Export a MAF consisting of the alignment of all apes referenced on gorilla (hal/README.md)

     hal2maf mammals.hal mammals.maf --rootGenome ape_ancestor --refGenome gorilla

then convert the MAF into a VCF file for input into vg using snps-sites and use the reference you chose as the --refGenome for vg

***Edit snps-sites doesn't allow for indels, but msa2vcf does!

ekg commented 6 years ago

It should be possible to directly convert hal to vg, correct? @glennhickey?

On Mon, Jan 15, 2018 at 10:54 AM Jean Elbers notifications@github.com wrote:

@WimSpee https://github.com/wimspee So, one can convert the hal output of progressiveCactus into MAF,

Export a MAF consisting of the alignment of all apes referenced on gorilla (hal/README.md)

hal2maf mammals.hal mammals.maf --rootGenome ape_ancestor --refGenome gorilla

Then convert the MAF into a VCF file for input into vg using snps-sites and use the reference you choose as the --refGenome for vg

— You are receiving this because you commented.

Reply to this email directly, view it on GitHub https://github.com/vgteam/vg/issues/1334#issuecomment-357649096, or mute the thread https://github.com/notifications/unsubscribe-auth/AAI4EYmFBnMy5QqU41jZnpCNuOYL-1EPks5tKy50gaJpZM4RILWB .

glennhickey commented 6 years ago

Yes, there is a direct converter here:

https://github.com/ComparativeGenomicsToolkit/hal2vg

On Wed, Jan 24, 2018 at 3:07 PM, Erik Garrison notifications@github.com wrote:

It should be possible to directly convert hal to vg, correct? @glennhickey?

On Mon, Jan 15, 2018 at 10:54 AM Jean Elbers notifications@github.com wrote:

@WimSpee https://github.com/wimspee So, one can convert the hal output of progressiveCactus into MAF,

Export a MAF consisting of the alignment of all apes referenced on gorilla (hal/README.md)

hal2maf mammals.hal mammals.maf --rootGenome ape_ancestor --refGenome gorilla

Then convert the MAF into a VCF file for input into vg using snps-sites and use the reference you choose as the --refGenome for vg

— You are receiving this because you commented.

Reply to this email directly, view it on GitHub https://github.com/vgteam/vg/issues/1334#issuecomment-357649096, or mute the thread https://github.com/notifications/unsubscribe-auth/ AAI4EYmFBnMy5QqU41jZnpCNuOYL-1EPks5tKy50gaJpZM4RILWB .

— You are receiving this because you were mentioned.
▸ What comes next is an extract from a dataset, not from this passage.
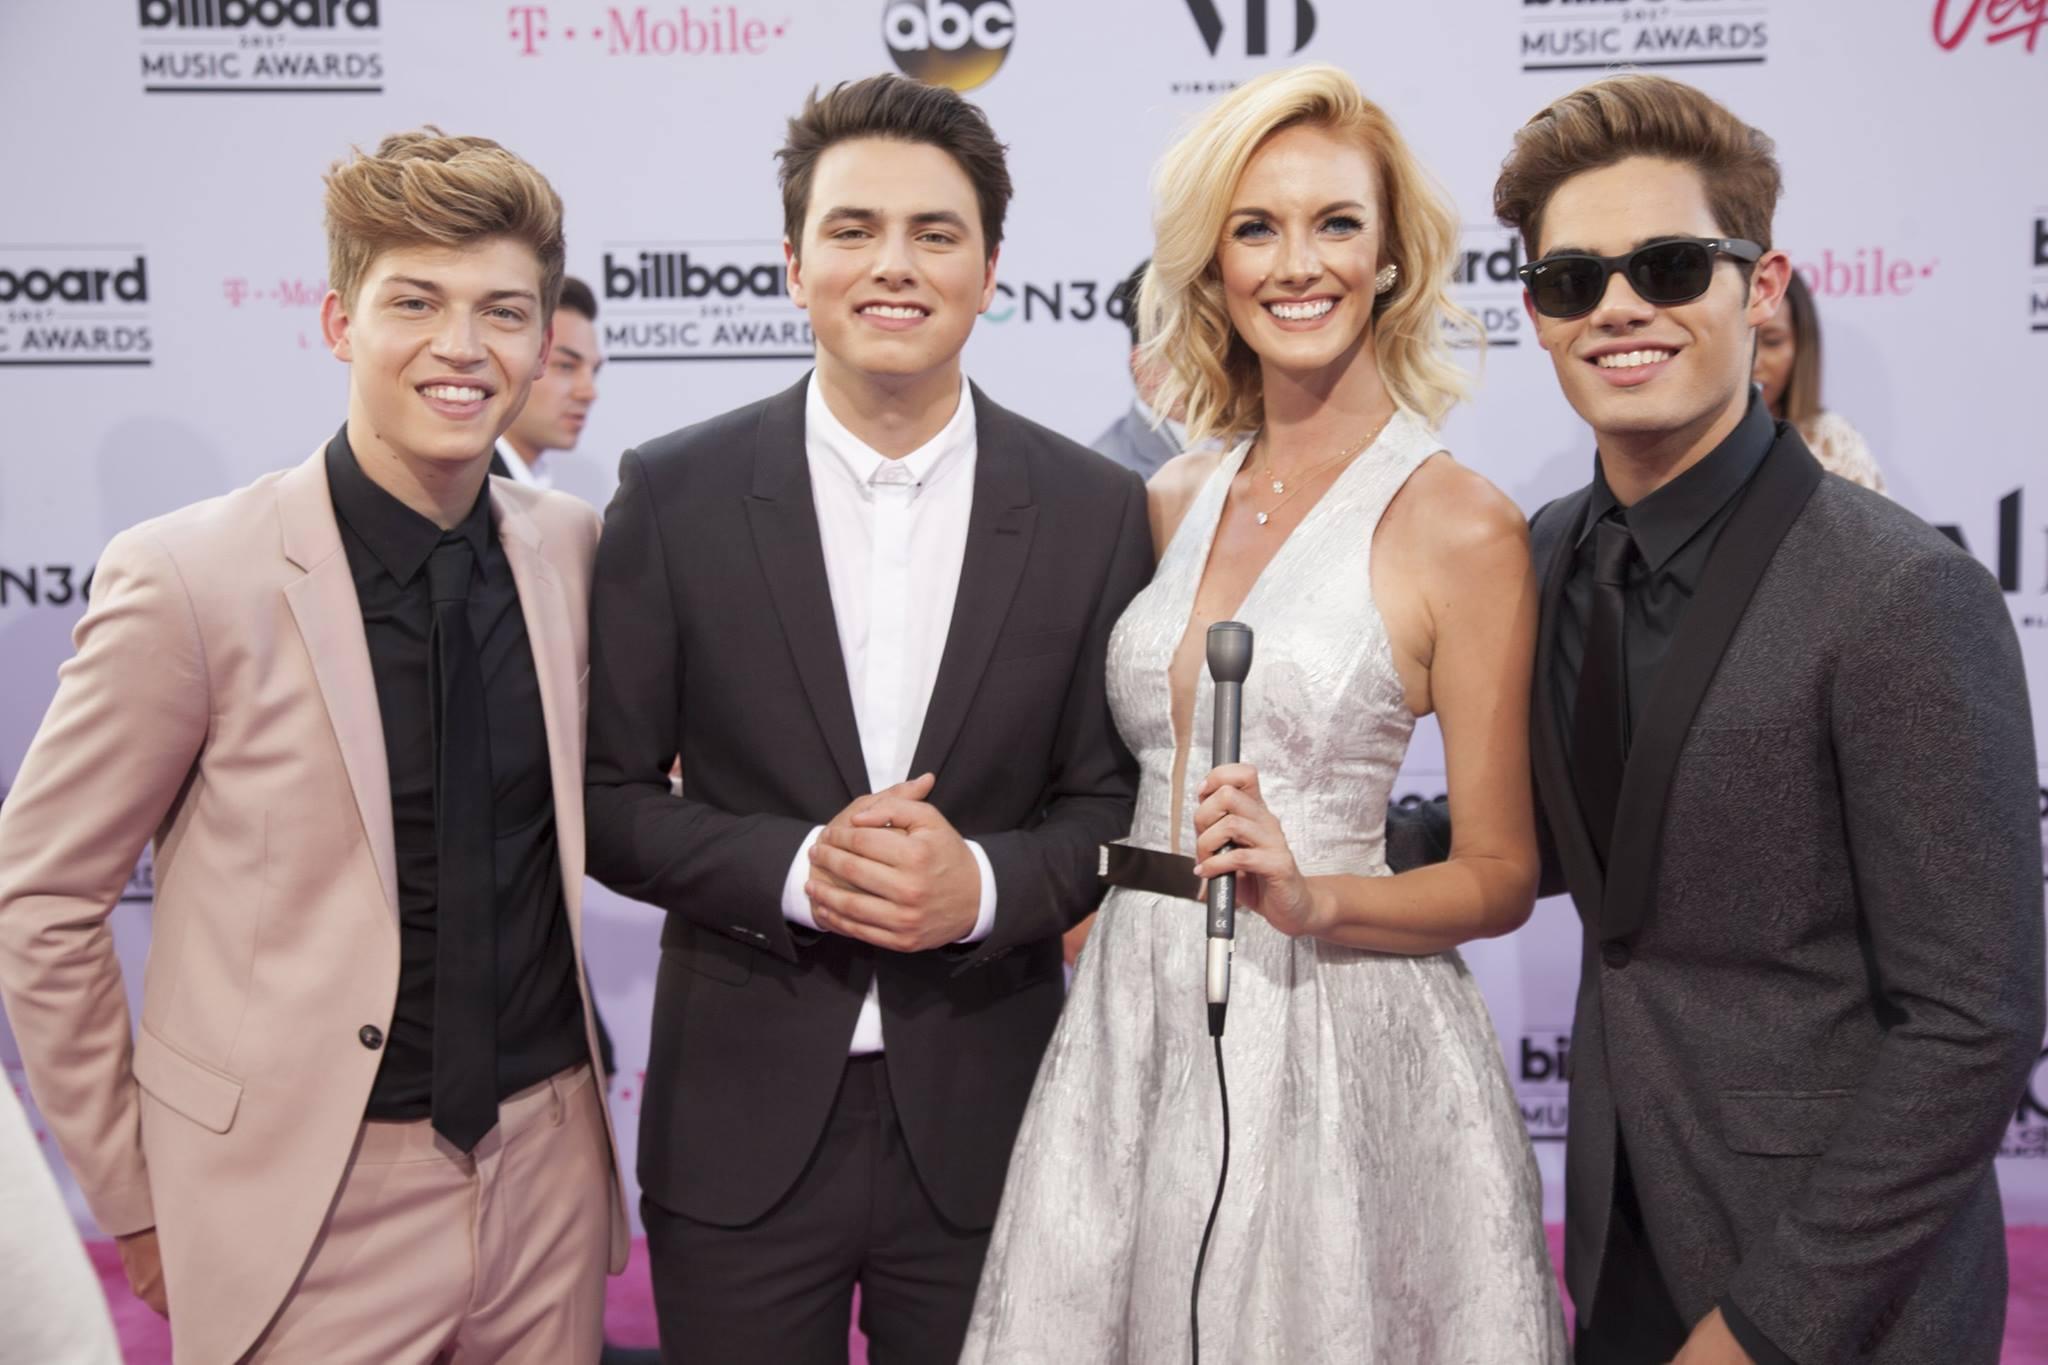 DLXVRSN-Media-Billboard-Music-Awards6

Reply to this email directly, view it on GitHub https://github.com/vgteam/vg/issues/1334#issuecomment-360257584, or mute the thread https://github.com/notifications/unsubscribe-auth/AA2_7vAt7PZL8m6nTXf8morEhXlTrhMWks5tN42OgaJpZM4RILWB .

ac2278 commented 3 years ago

Hi @WimSpee, I have a similar use-case and was wondering if you were able to implement your 2017 plan successfully?